If you view a cloud from the perspective of IaaS, the workloads on a particular VM are irrelevant. Yet a cloud, by its very nature, can assist with the Life Cycle Management of those services. By providing a homogenized infrastructure, a cloud reduces environmental variation and provides more predictable and consistent development, testing, and production environments. Infrastructure homogenization combined with virtualization reduces the risks traditionally associated with the Deliver phase of a life cycle and facilitates a more rapid approach to server deployment. It is this ability to rapidly deploy services without compromising risk management that makes this a compelling option.

2.5.3 Cost Transparency

The cost transparency also provides incentives to service owners to think about service retirement. In a traditional data center, services may fall out of use but often there is no consideration on how to retire an unused service. The cost of ongoing support and maintenance for an under-utilized service may be hidden by the cost model of the data center. In a private cloud, the monthly consumption cost for each VM can be provided to the business and to the consumers, thus encouraging VM owners to retire unused services and reduce cost.

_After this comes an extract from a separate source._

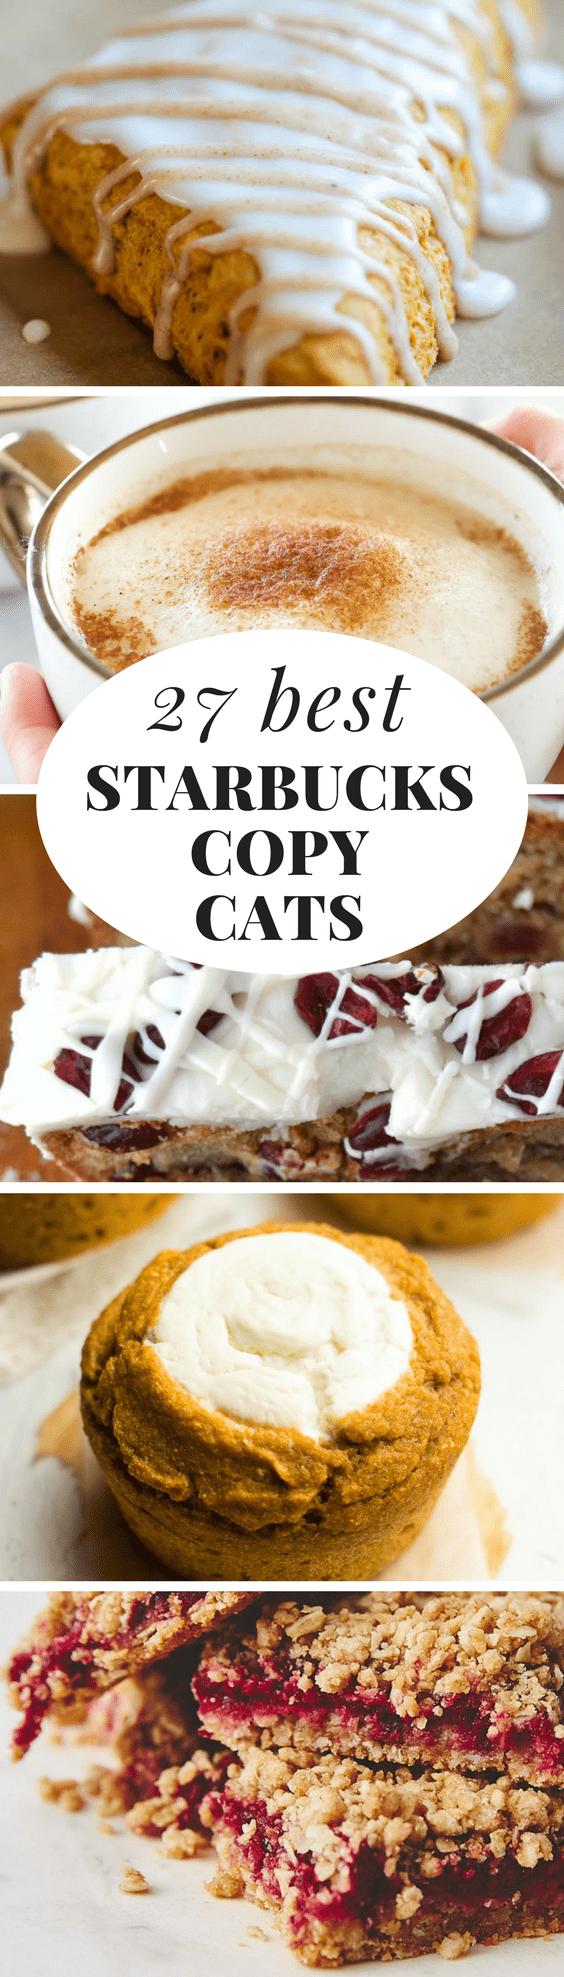 What to Make Now: Starbucks Copy Cat Recipes ~ here are the best 27 Starbucks copy cat recipes from lattes to lemon loaves...#starbucks #starbuckscopycatrecipe #copycat #coffee #poundcake #scones #croissants #muffins #cookies #brownies #roundup #fallrecipes #breakfast #brunch #latte #hotchocolate #lemoncake #pumpkin #pumpkinscones #bananabread

2.6 Service Level Management

Service Level Management process is responsible for negotiating Service Level Agreements (SLAs) and ensuring these agreements are met. In a private cloud, these agreements will define the targets of cost, quality, and agility by service class and the metrics for measuring the successful achievement of each.

2.6.1. Service Provider's Approach to Delivering Infrastructure

A high degree of Service Level Management maturity is necessary in maintaining a datacenter; this may require a re-examination of the existing approaches to define SLAs. SLAs for fabric availability will need to be defined in terms of the environment. For example, the Standard Environment that has removed power redundancy may have a Service Level Target of 99.9 percent fabric availability. On the other hand, the High Availability Environment may have a Service Level Target of 99.99 percent fabric availability. This reflects the fact that this environment will have power redundancy.

  • Most importantly, the SLA of a datacenter should focus primarily on measuring the quality and consumer satisfaction of the service delivery. This is much more important than the percentage of up-time. Consumers want the perception of continuous availability and infinite capacity. They want an elastic infrastructure. They want cost transparency and consumption based pricing. What are the additional metrics that should be outlined in the SLA to capture this quality and satisfaction?

Additional questions that may need to be answered include:

  • In addition to availability targets, will resiliency and reliability targets be included in the SLA?
  • How will these metrics be measured and reported?
  • How will the Consumption Unit be defined, implemented, measured, and reported?
  • How will the Reserve Capacity be monitored and reported? What will trigger the execution of the capacity plan? How will the business communicate known capacity increases (for example, increase through an acquisition) to IT?

2.7 Continuity and Availability Management

Availability Management defines the processes necessary to achieve the perception of continuous availability. Continuity Management defines how risk will be managed in a disaster scenario and ensures that minimum service levels are maintained.

2.7.1 Holistic Approach to Availability

Strategies for achieving availability will differ across the standard and high availability environments based on requirements of the hosted workloads. In the standard environment, redundant power has been removed, putting the burden of redundancy on the application. In this environment, there is a high likelihood of an Uninterruptible Power Supply (UPS) failure at some point, which will cause a Fault Domain failure.

The details of constructing a Health Model are covered in the Planning and Design Guide for Systems Management. From the continuity and availability perspective, the most critical aspect of achieving resiliency is to understand the health of the UPS. Early signs of failing UPS health should be closely monitored and should automatically trigger the relocation of VMs in the effected Fault Domain. In the event there is a Fault Domain failure without warning, the management system should ideally detect the fault and restart the VMs on a functional Fault Domain.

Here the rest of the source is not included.